The hypocrisy of the U.S. when it comes to its accusations against Cuba is nothing short of astounding. It even includes Cuba in its list of “State Sponsors of Terrorism ,” after the U.S. has trained and supported decades of terrorism against Cuba . Which led Cuba to dispatch the now release Cuban 5 to the U.S. The Cuban 5’s mission was to infiltrate the rightwing violent Cuban exile groups based in Miami and find ways to nonviolently stop or thwart their plans of terrorism. Instead of arresting the terrorists the U.S. arrested the Cuban 5. The last 3 who were still imprisoned in December were released as part of the first gesture in normalizing relations between the two countries. It is important that Cuba’s designation on the U.S.’s Terrorist list not be underestimated as a harmless, albeit false, accusation. The designation is a means of enforcing the U.S. blockade against Cuba. It is a means of denying the country extensions of credit in the U.S. and international banking system. It forces the country to do transactions in cash, which is virtually impossible for any government in this global economy and makes it a burden for its diplomatic mission in the U.S. to carry out the normal duties of a consulate or embassy.
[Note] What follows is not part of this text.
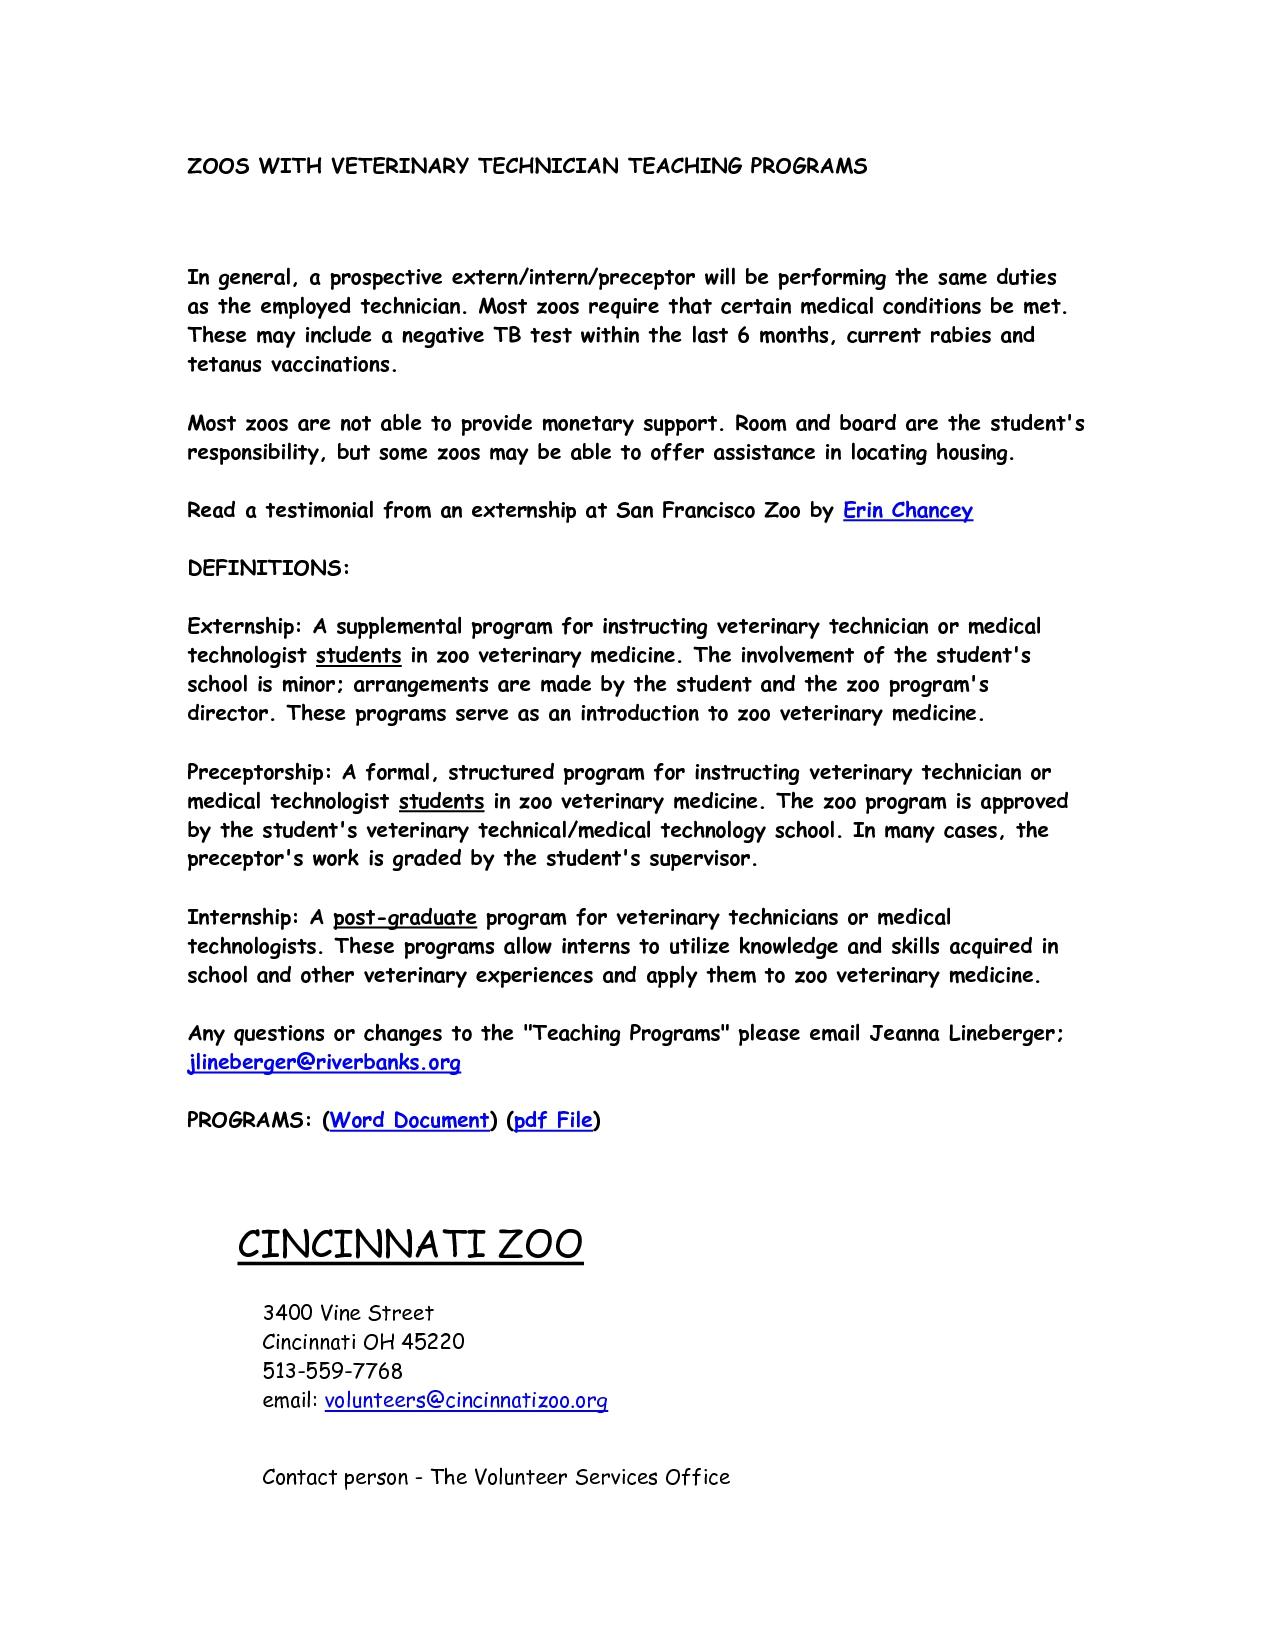 Veteran Letter Template - Zoo Cover Letter Acurnamedia
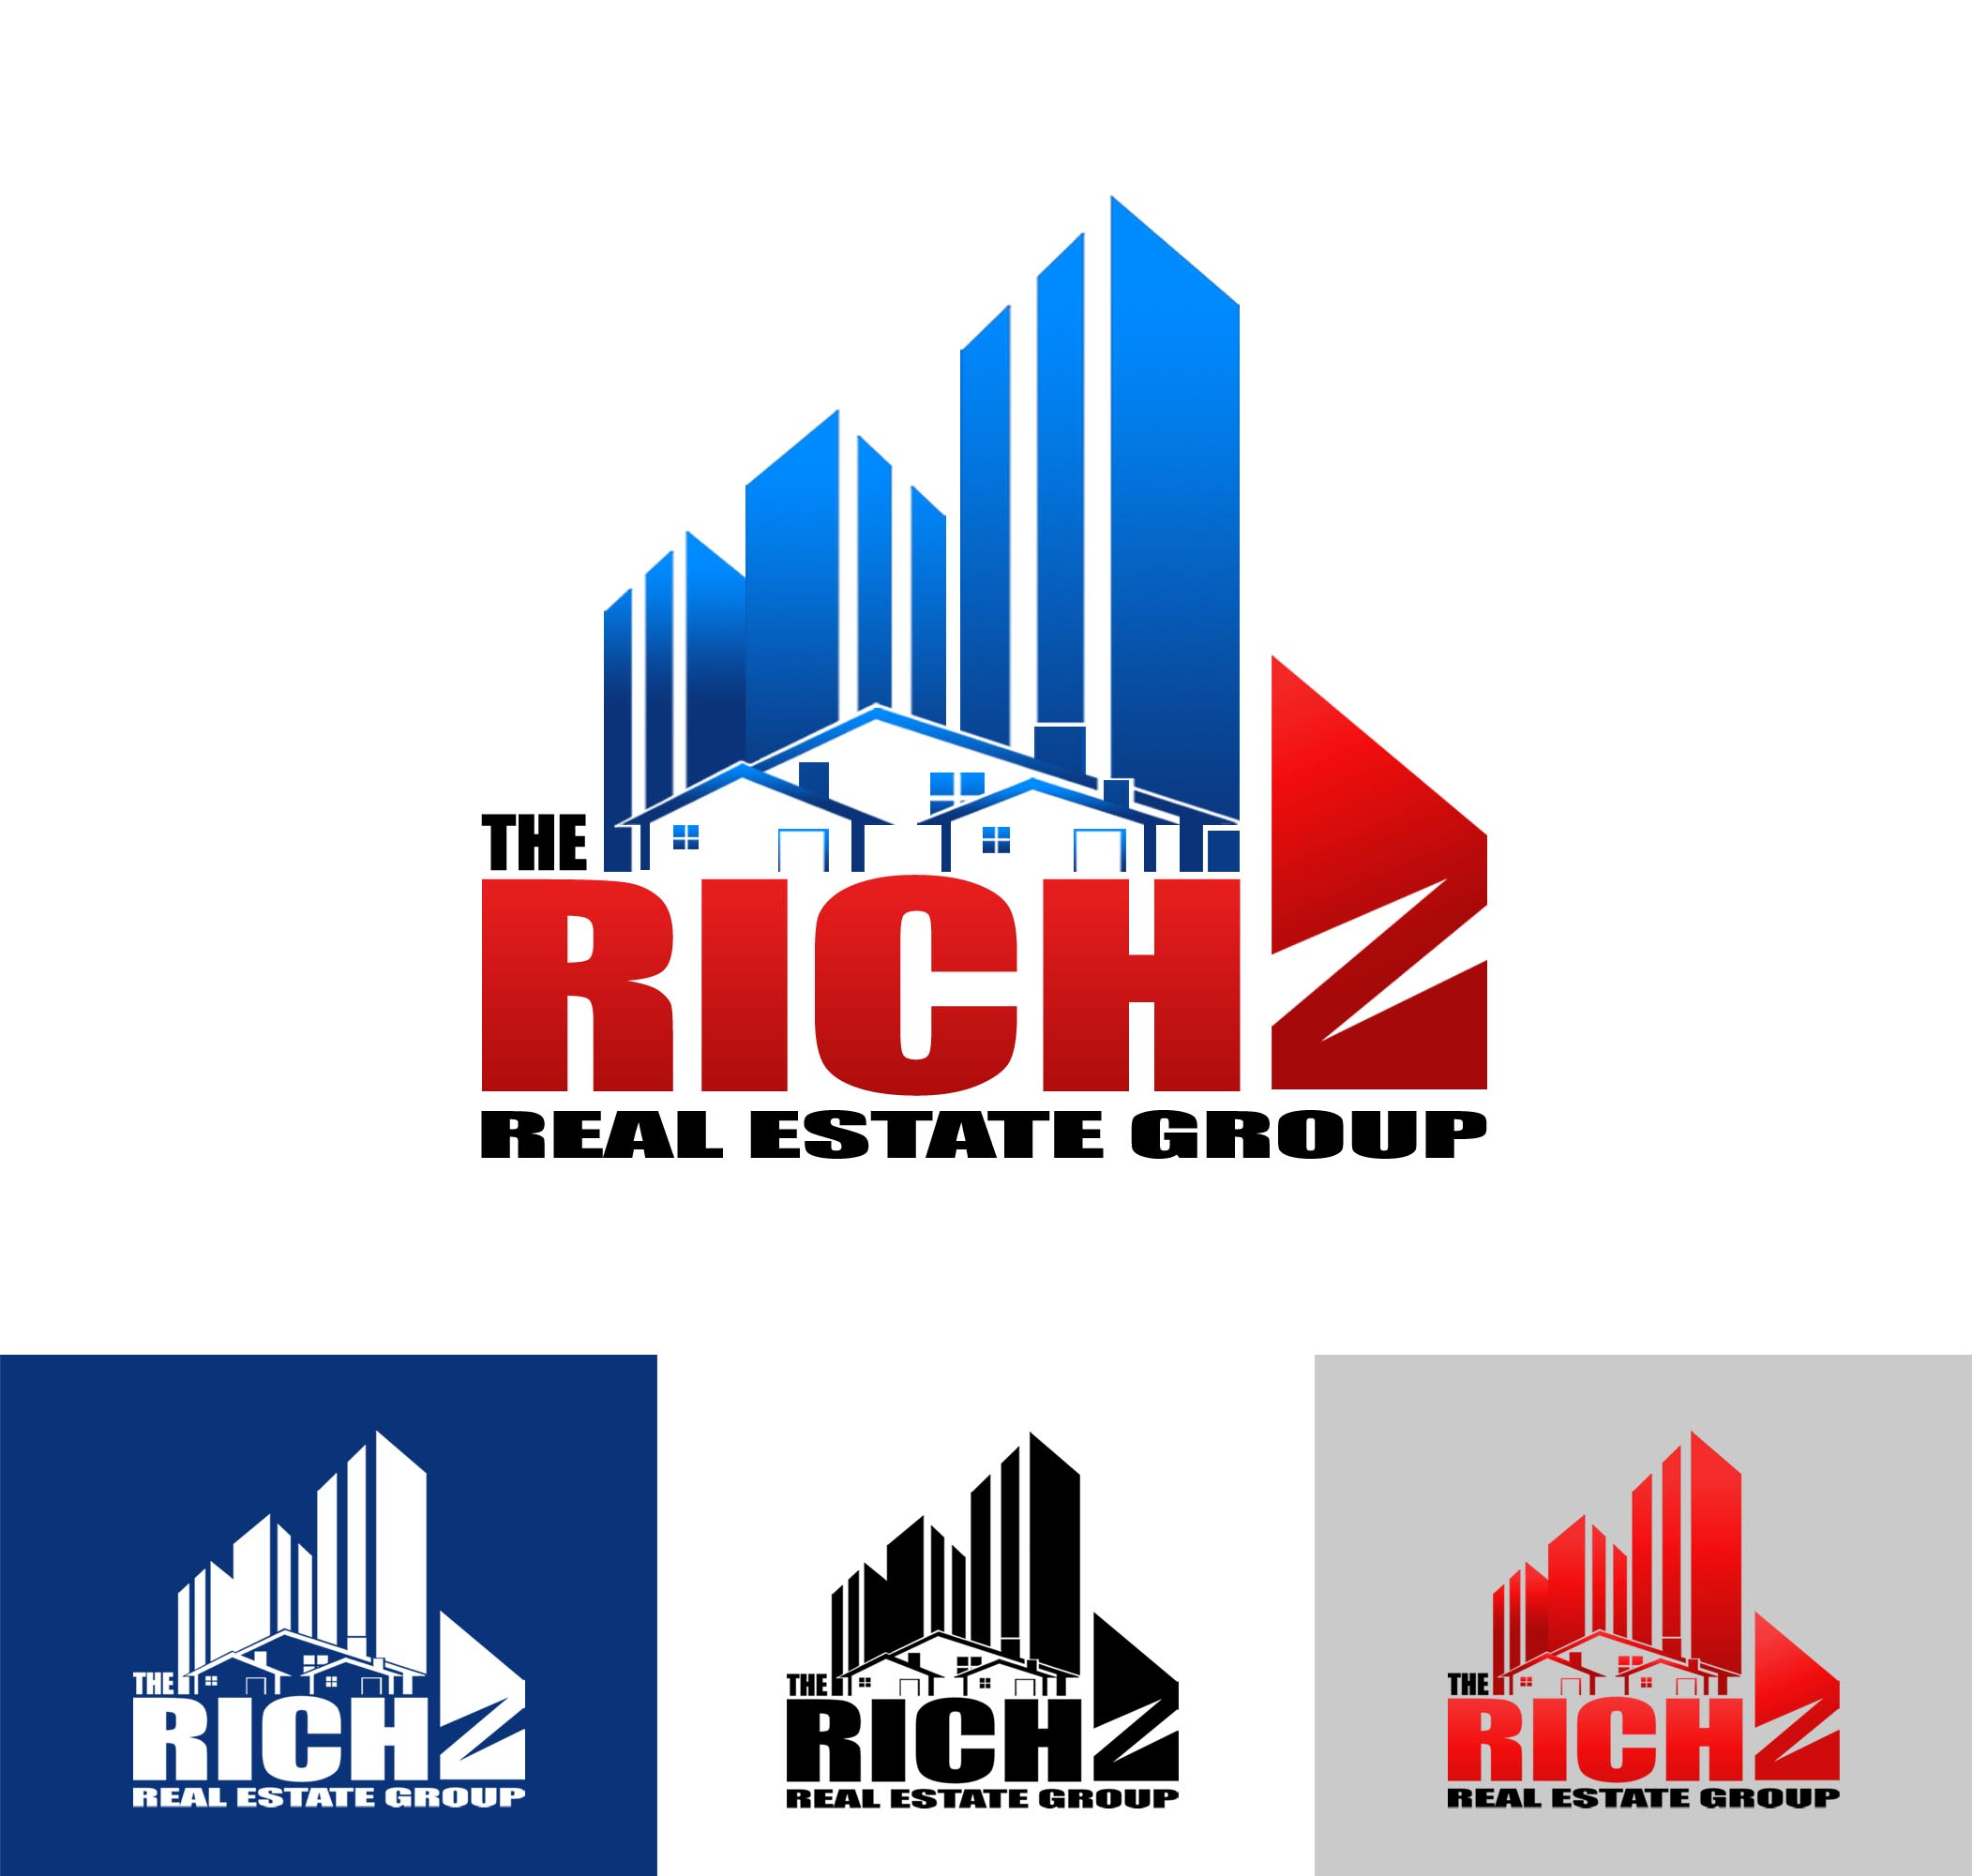 Logo Design by Cesar III Sotto - Entry No. 219 in the Logo Design Contest The Rich Z. Real Estate Group Logo Design.

It is clear that the U.S. interests in normalizing relations is not a change of heart or an abandonment of U.S. intentions to undermine the Cuban revolution. Regardless it is a welcomed development. At the very least it affords us all the opportunity to place the records of these two countries side by side and ask, “Will the real violator of human rights please stand up.”
Netfa Freeman is a long time Pan-Africanist, human rights activists based in DC, working at the Institute for Policy Studies and is a co-host/producer for Voices With Vision on WPFW 89.3 FM.